L’expert judiciaire a retenu que Mme [V] 'connaissait les défauts d’entretien de la toiture avant la vente de sa maison à M. [Y]'. Il estime qu’elle 'ne pouvait pas ignorer les conséquences d’infiltrations d’eau à l’intérieur de la véranda, qui étaient dues aux défauts de réparation de la toiture de la maison'.
Il résulte de ces éléments que Mme [V] avait nécessairement connaissance, préalablement à la vente de son immeuble à M. [Y], du vice caché existant.
Elle doit en conséquence garantie à son acquéreur, et doit être tenu au paiement de la somme de 3161,69 € par application des dispositions de l’article 1644 du code civil, somme correspondant au montant des factures de réparations du vice, telles que justifiées par M. [Y], soit la facture n° 22 du 6 février 2020 de l’entreprise [M] [T] pour un montant de 860,69 euros T.T.C., la facture n° 5016 du 7 février 2020 du zingueur pour un montant de 1 101 euros T.T.C. et le montant des réfections sur les murs à l’intérieur de la véranda estimées par l’expert à la somme de 1 200 euros T.T.C.
Il convient ainsi de confirmer le jugement sur ce premier chef.
Au surplus, et par application des dispositions de l’article 1645 du code civil, Mme [V] qui connaissait les vices de la chose est tenue de tous les dommages et intérêts envers l’acheteur M. [Y].

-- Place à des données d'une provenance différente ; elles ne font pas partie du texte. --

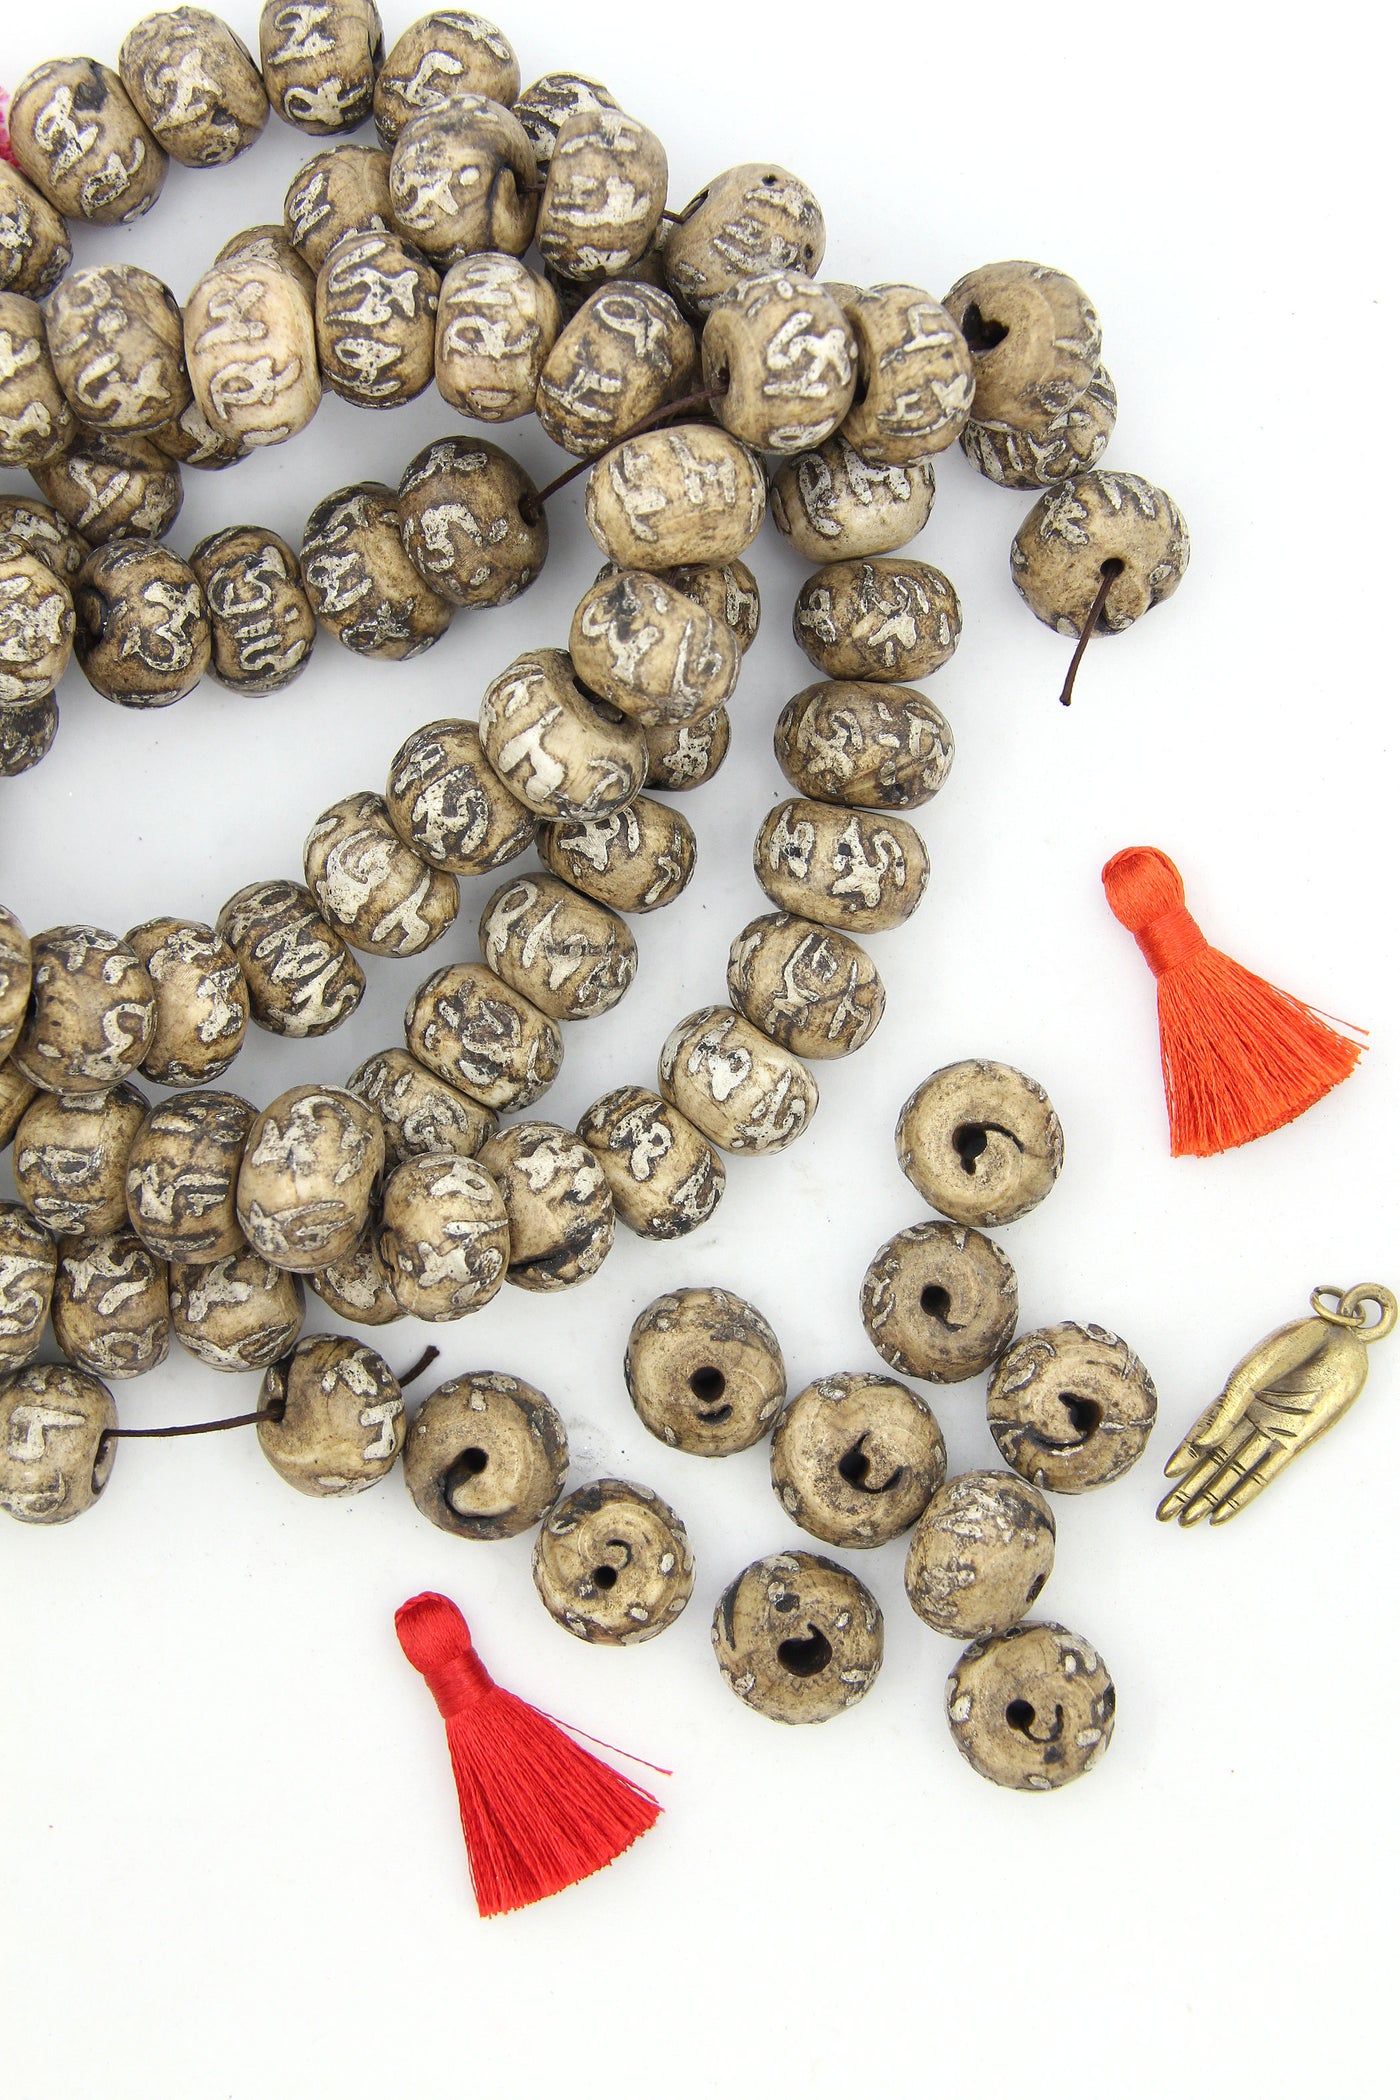 Om Mantra Hand-Carved Nepali Shell Beads, 18x12mm, 4 pieces
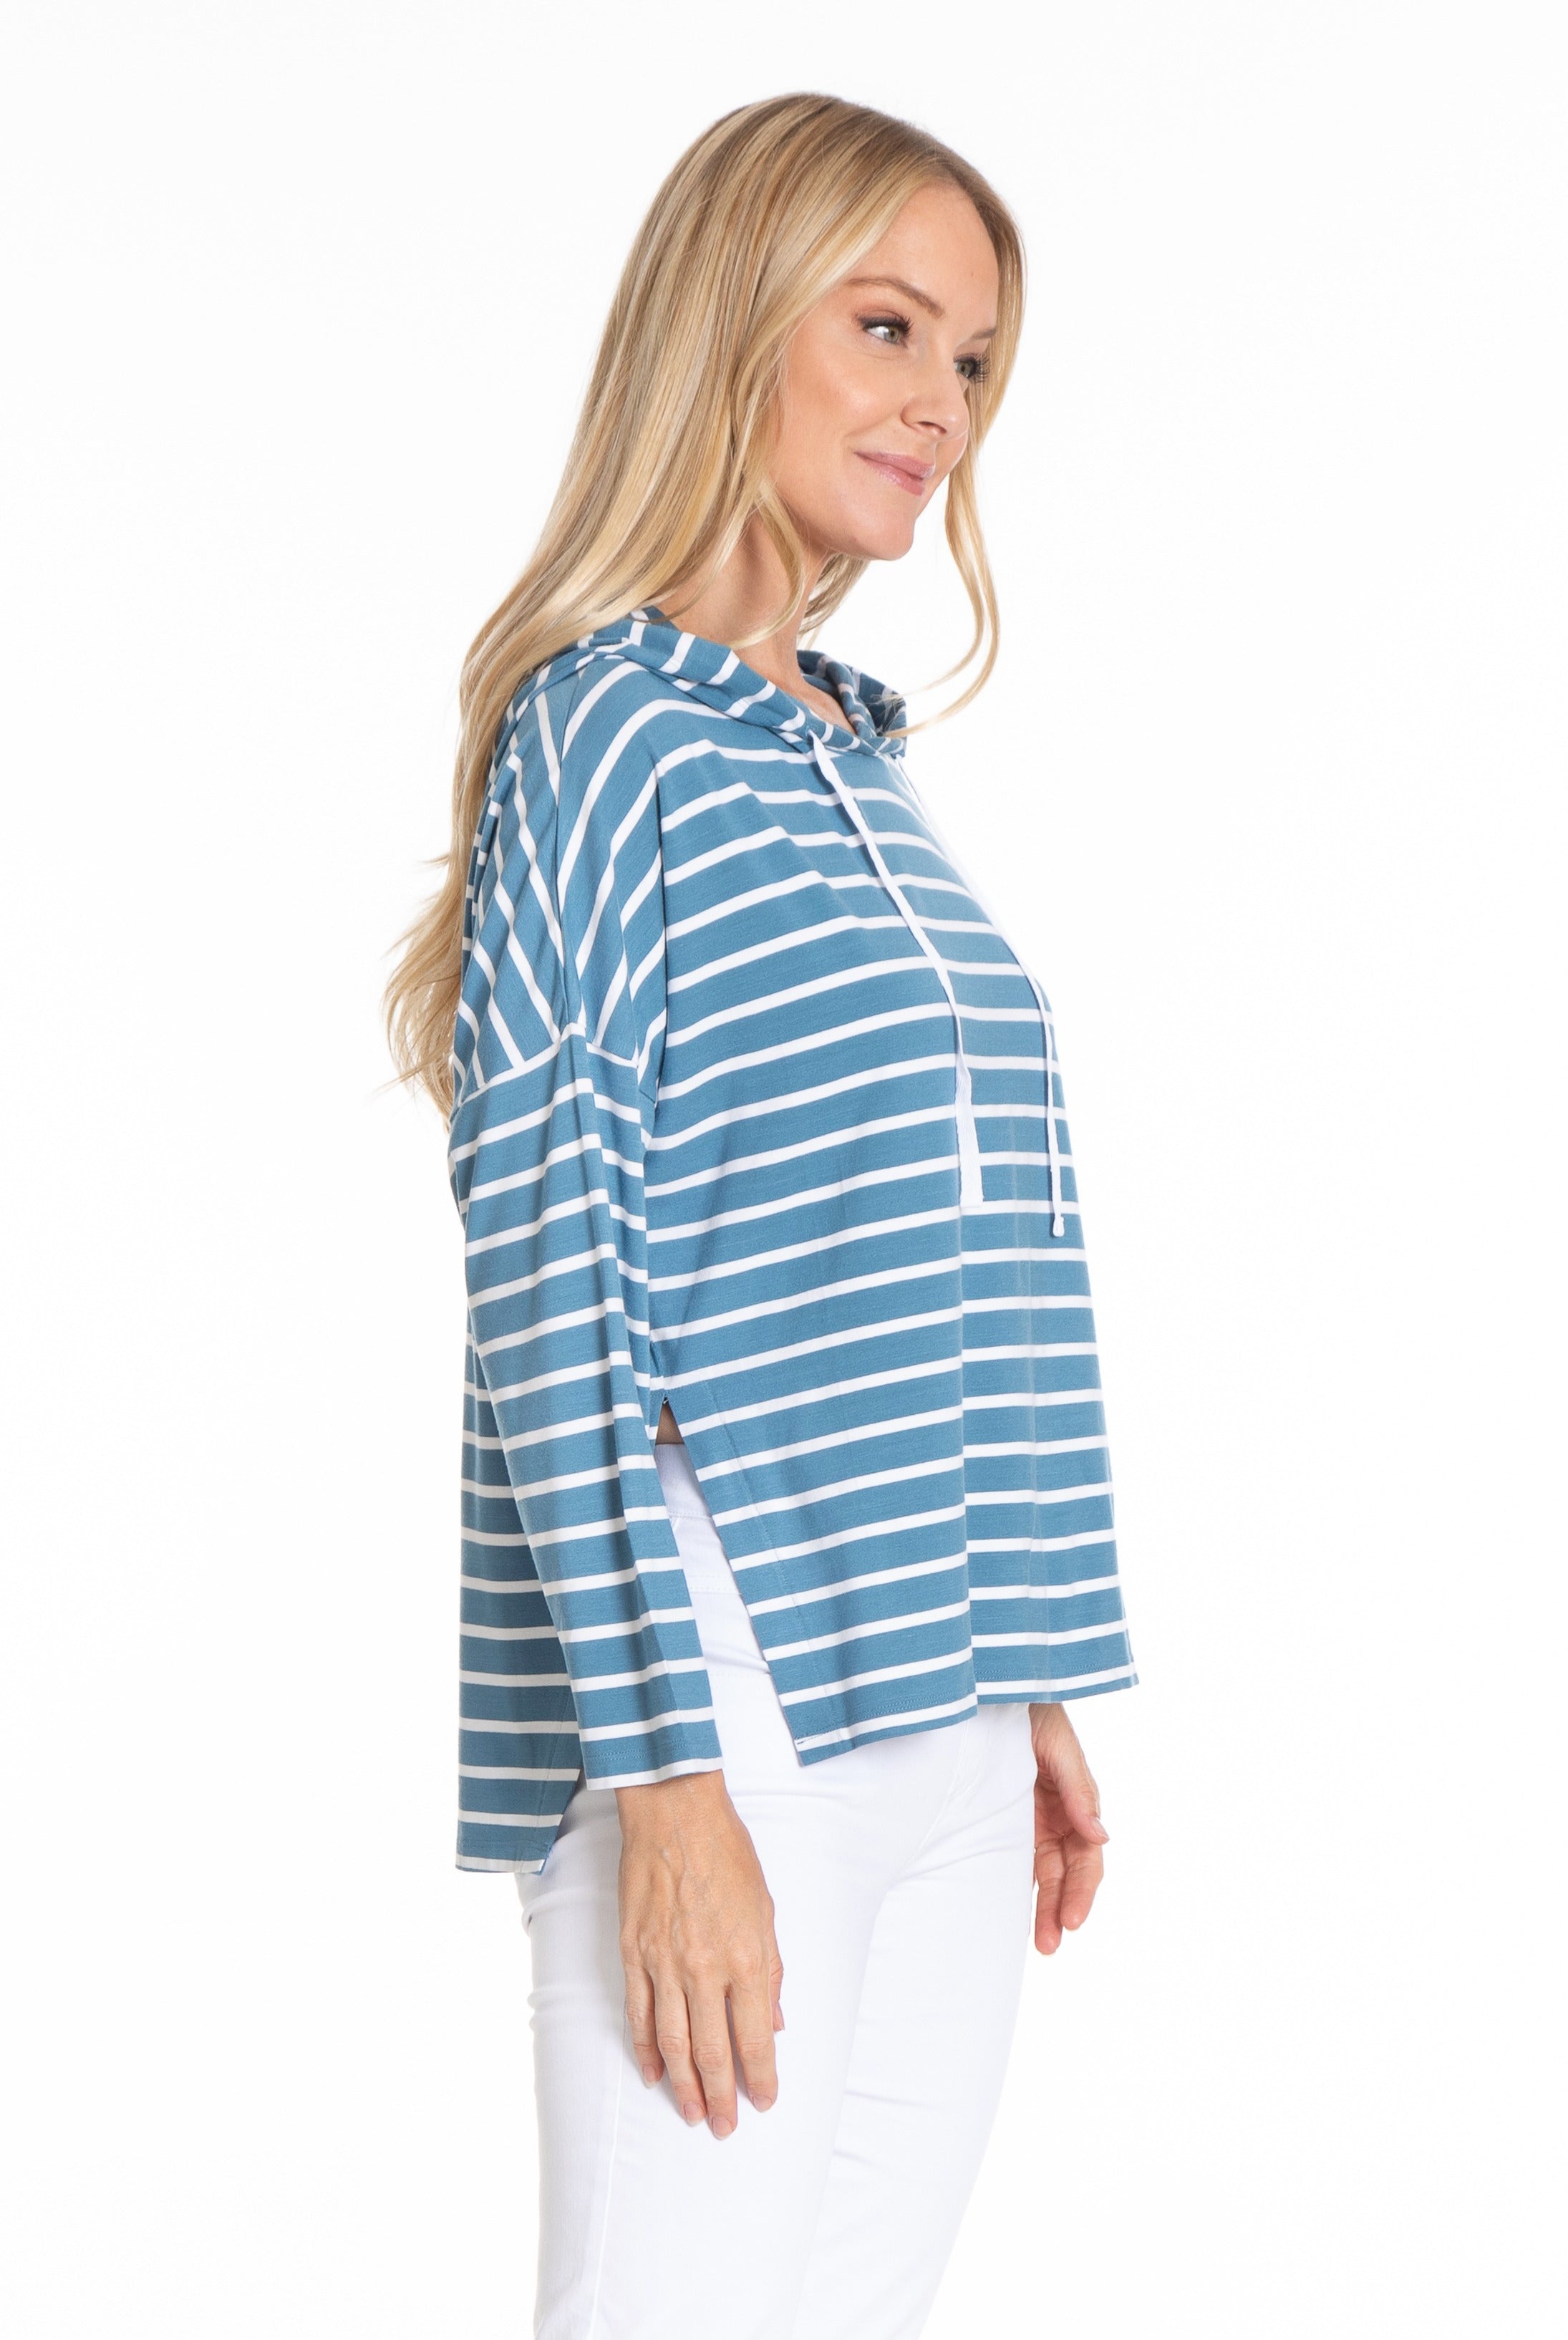 Hoodie With Side Slits Chambray/White Stripe Side APNY

Le jugement sera également confirmé en ce qu’il a condamné Mme [V] au paiement de la somme de 1300 euros au titre du préjudice de jouissance de M. [Y], ce préjudice étant constitué par l’humidité intérieure affectant sensiblement des pièces à vivre de l’habitation.
Sur les dépens :
Les chefs de décision du jugement afférents aux dépens et à l’application de l’article 700 du code de procédure civile sont pertinents et adaptés, et seront confirmés.
Il résulte de l’article 696 du code de procédure civile que ' La partie perdante est condamnée aux dépens, à moins que le juge, par décision motivée, n’en mette la totalité ou une fraction à la charge d’une autre partie. (…).'
Compte tenu de la solution apportée au présent litige, les dépens d’appel seront fixés à la charge de Mme [H] [V].
Sur l’application de l’article 700 du code de procédure civile :
Il est équitable de condamner Mme [H] [V] à payer à M. [L] [Y] la somme fixée au dispositif du présent arrêt sur le fondement de l’article 700 du code de procédure civile en cause d’appel, le surplus des demandes étant écarté.
PAR CES MOTIFS
La cour, statuant publiquement, par arrêt contradictoire, et en dernier ressort,
REJETTE la fin de non recevoir présentée par Mme [H] [V] tirée d’un défaut d’intérêt à agir de M. [Y].
CONFIRME le jugement entrepris en toutes ses dispositions.
Y ajoutant,
DÉBOUTE les parties de leurs autres demandes plus amples ou contraires.
CONDAMNE Mme [H] [V] à payer à M. [L] [Y] la somme de 2000 € sur le fondement de l’article 700 du code de procédure civile en cause d’appel.
CONDAMNE Mme [H] [V] aux dépens d’appel.